DRESDA TRITON






DRESDA TRITON








DRESDA TRITON CHROME  GAS TANK






Of all the bikes built under the parallel twin-cylinder format that dominated motorcycling in the 1960s, the Triton embodied the best of both worlds: the straight-line performance of Triumph's powerful engine, and the handling ability of the legendary Norton Featherbed chassis. Tritons were built by numerous firms and individuals, using a variety of engines and chassis from those two major manufacturers.
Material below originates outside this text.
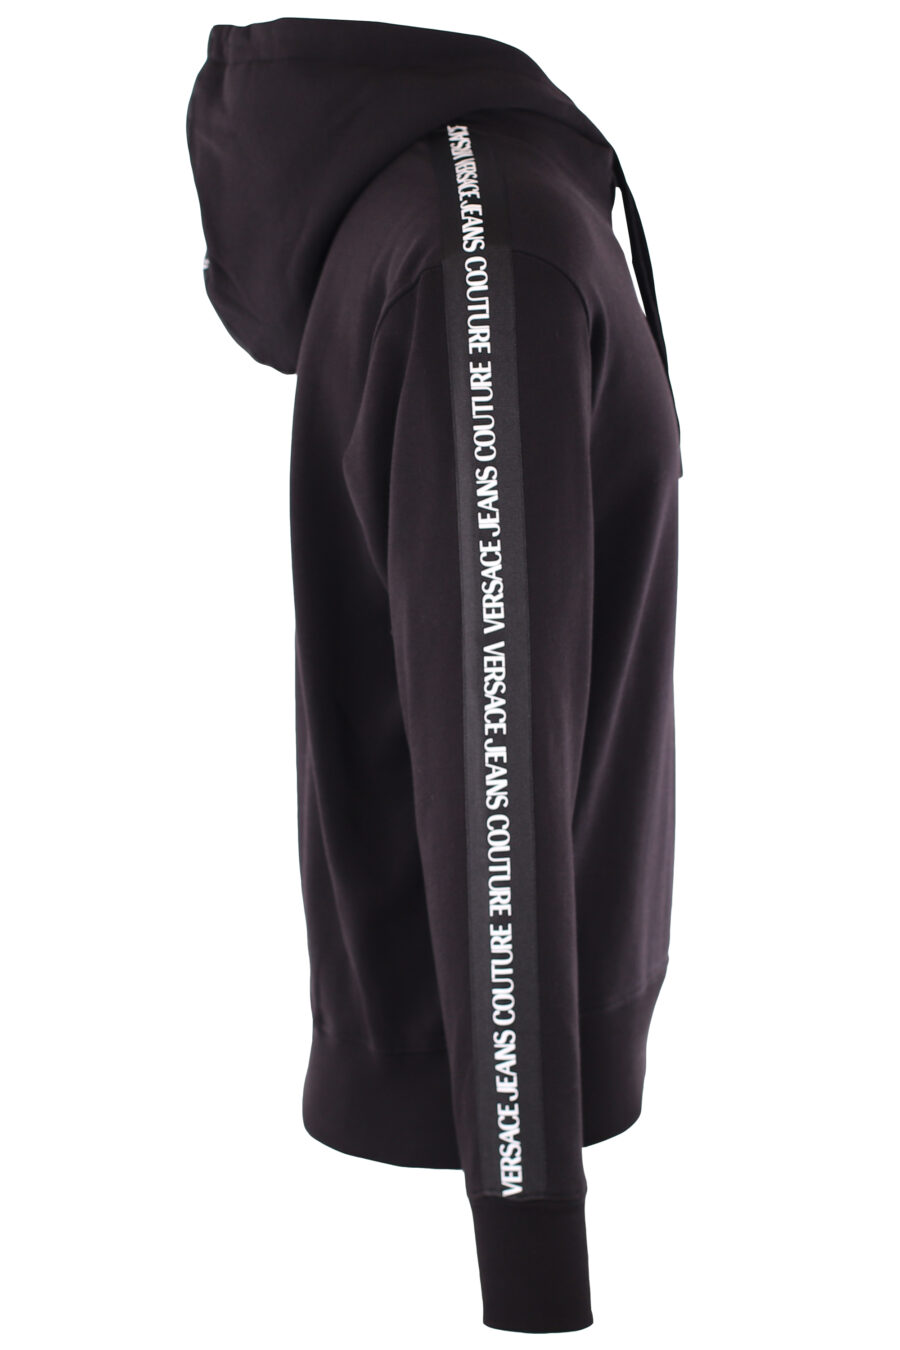 Sudadera con capucha negra y logo en cinta en mangas - IMG 6452

The combination was so successful that the Triton came to be regarded as a marque in its own right.



The Triton's precise origins are unclear, partly because several enterprising individuals built similar hybrids in the mid-1950s. As early as 1954, London-based racer and engineer Doug Clark used the chassis of a blown-up Manx Norton single to house a 650cc Triumph engine. Clark rode the resultant twin on both road and racetrack. But after the bike had been noticed by a Triumph employee while at Silverstone circuit, Clarke received a letter from the factory threatening legal action if he continued with the project. He also claimed that Triumph told its London dealers to refuse to sell him engine parts.





DRESDA TRITON


Appealing concept



DRESDA TRITON WITH CUSTOM PAINT
The appeal of the Triton concept in the early 1960s was easy to understand. Triumph's twin had held a straight-line advantage ever since Norton's new Model 7 had been outpaced by the Speed Twin in 1949. Ten years later, Triumph's 650cc Tiger 110 was a good lOmph (16km/h) faster than its 600cc rival the Norton Dominator 99. By the time Norton's more powerful 650SS arrived in 1962, Triumph's reputation for speed was secure. But handling was a different matter. Norton's Featherbed frame and Roadholder forks were notably stronger than their Triumph equivalents, and also came with an impressive racing pedigree.



Those contrasting reputations helped to establish the Triton as the 'dream ticket' for road and track. The bikes varied in their details, featuring different fuel tanks, instruments, seats, suspension parts, and exhaust systems. As well as Triumph's popular twin-carburettor 650cc Bonneville engine, Triton builders used 500cc motors (and later the 750cc unit too). The Featherbed frame could be used in its original Wideline or later Slimline form, as well as being sourced from the Manx single.


Specialist firms including Dresda Triton Autos of west London began building complete Tritons and also conversion kits, some based around Featherbed replica frames of their own construction. The Triton received a boost in 1965 when Dresda boss Dave Degens, a top racer, rode one to victory in the 24- hour endurance event at Montjuic Park in Barcelona, with co-rider Rex Butcher. The winning machine was then ridden at high speed from London to Edinburgh and back by a journalist from The Motor Cycle, generating further interest.



Degens also won production races on Tritons, resulting in objections from riders of more standard machinery, but the controversy merely served to generate even more publicity for the hybrid machines. By the mid-1960s several firms were producing complete Tritons, and many others were offering engine plate kits plus parts including fuel tanks and seat units. Degens estimates that Dresda alone built more than 500 Tritons over the next few years, plus many replica frames.



A Triton was still a classy combination in 1969, when Motorcycle Mechanics tested a hotted-up Dresda special at !26mph (203km/h), but the boom was almost over. As well as the many high-quality hybrids, there had been more than a few Tritons built with limited expertise and a second-rate blend of Triumph and Norton components. But the legend of the Triton lived on, especially at Dresda, where Degens continued to build, sell and race Tritons into the 21st century.

1 comment:

  1. Dresda Dave Degens and Russell are still going strong in Sussex building and maintaining Dreda Tritons I’ve just acquired one of these iconic bikes and can’t stop smiling long live The Tritoncafe racer.